Interstate Commerce Commission, Coal Rate Guidelines, Nationwide, Ex Parte No. 347 (Sub-No. 1), 1985 ICC Lexis 254 (August 8, 1985) at 36-37.
[9] Id. 
[10] Bessemer & Lake Erie R. Co. v. United States, 691 F. 2d 1104, 1113 (3d Cir. 1982) (“While some other standard or combination of standards might also accomplish the overall objectives of the 4R and Staggers Acts, the choice among permissible alternatives is to be made by the agency to which rulemaking authority has been delegated, not by this court.”) 
[11] Antonin Scalia & Bryan A. Garner, Reading Law: The Interpretation of Legal Texts (West 2012) at 101. 
[12] Id. at 102. 
[13] West Virginia v. EPA, 142 S. Ct. 2587, 2607–2608 (2022) (“[O]ur precedent teaches that there are ‘extraordinary cases’ that call for a different ap­proach—cases in which the ‘history and the breadth of the authority that [the agency] has asserted,’ and the ‘eco­nomic and political significance’ of that assertion, provide a ‘reason to hesitate before concluding that Congress’ meant to confer such authority.”)

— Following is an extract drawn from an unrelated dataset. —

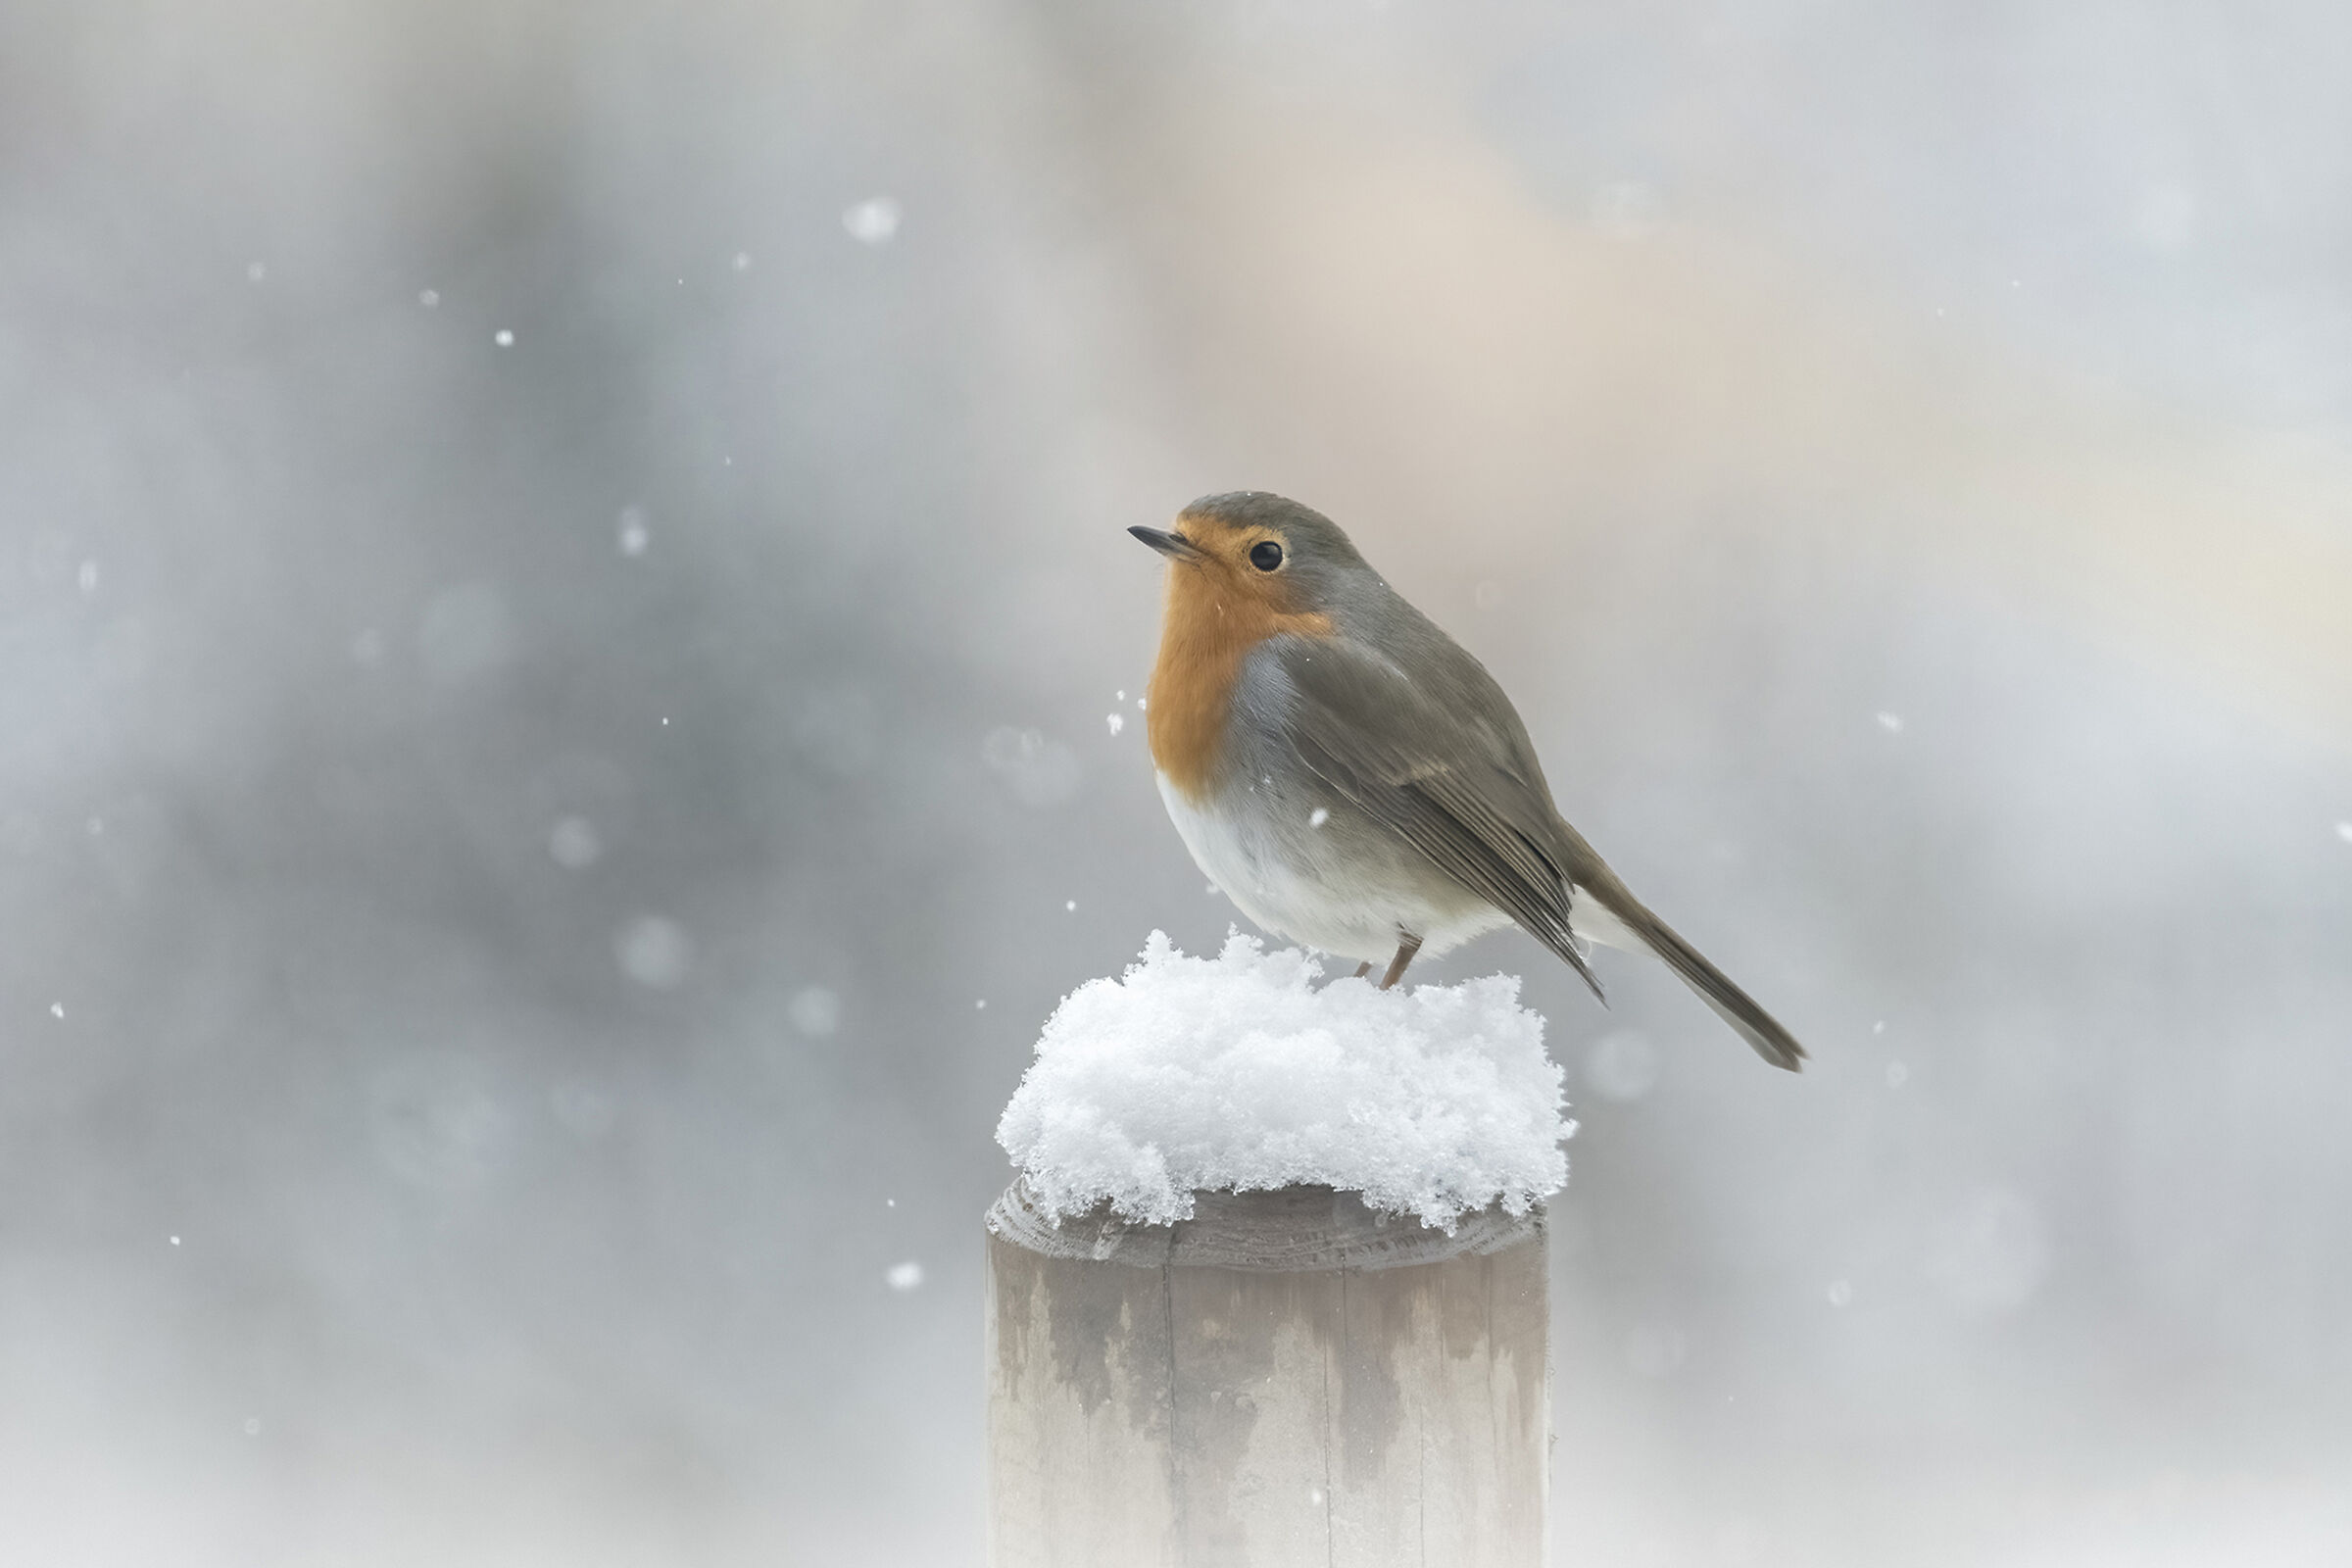 The loneliness of the robin...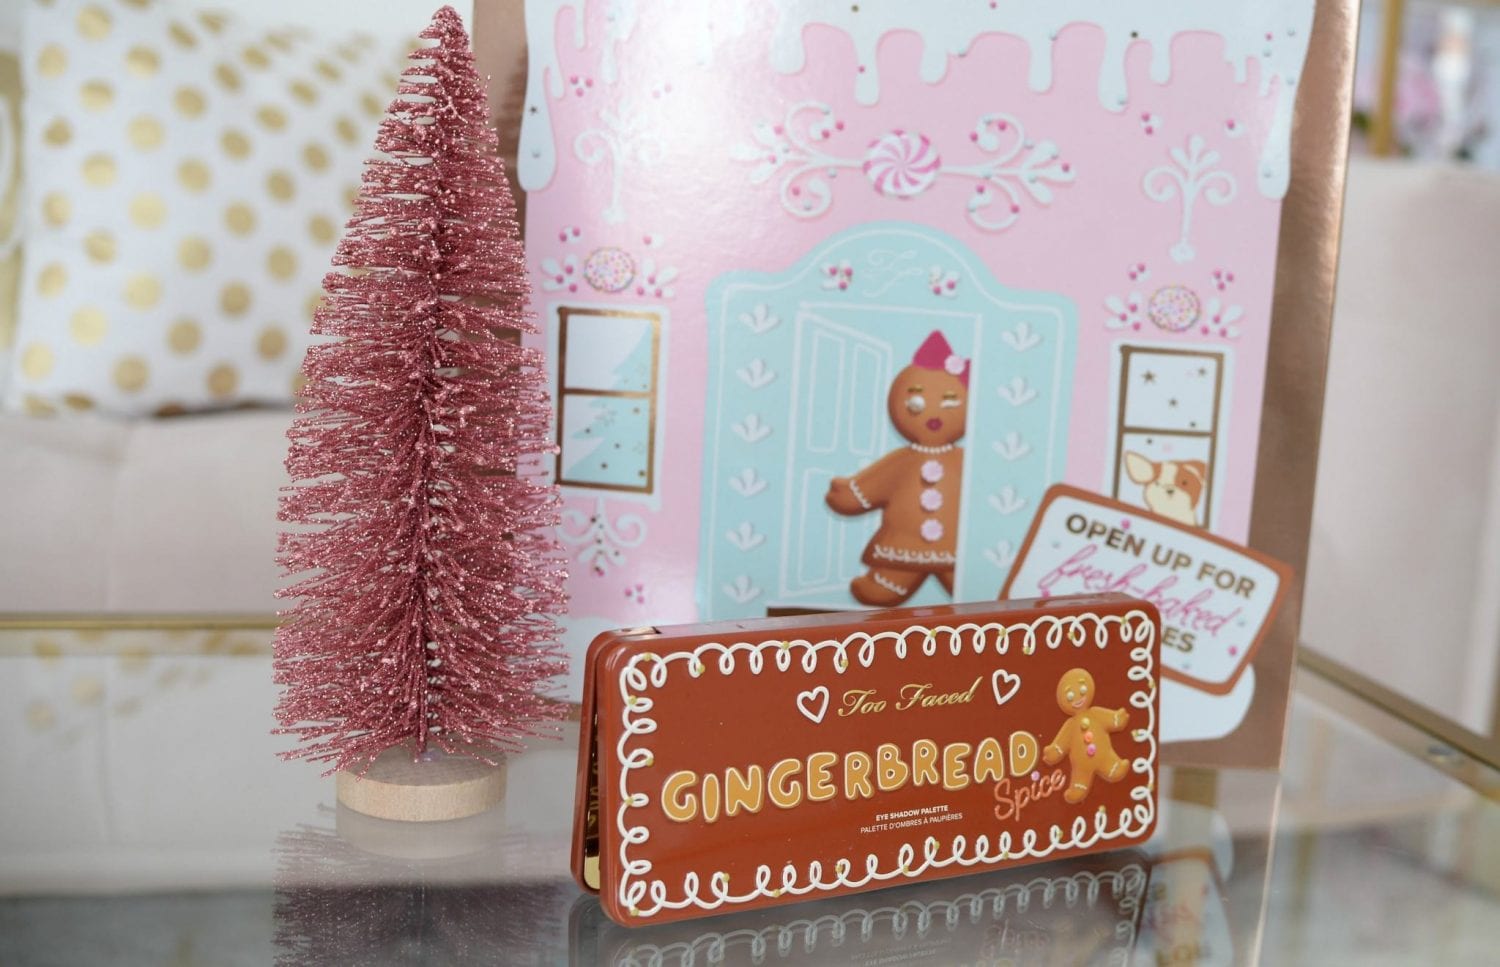 Too Faced Gingerbread Spiced Palette

[14] 49 U.S.C. § 11709(a)-(c)(1).
[15] 49 U.S.C. § 10704(a)(2). 
[16] Gerard J. McCullough, Constrained Market Pricing and Revenue Adequacy: Regulatory Implications for Shippers and Class I U.S. Freight Railroads, Staff Paper P15-5, University of Minnesota, Dept. of Applied Econ. at 28, http://ageconsearch.umn.edu/handle/207766.  
[17] 49 U.S.C. § 10707(a).
[18] Id. at § 10707.
[19] Id. 
[20] Antonin Scalia & Bryan A. Garner, Reading Law: The Interpretation of Legal Texts (West 2012) at 101.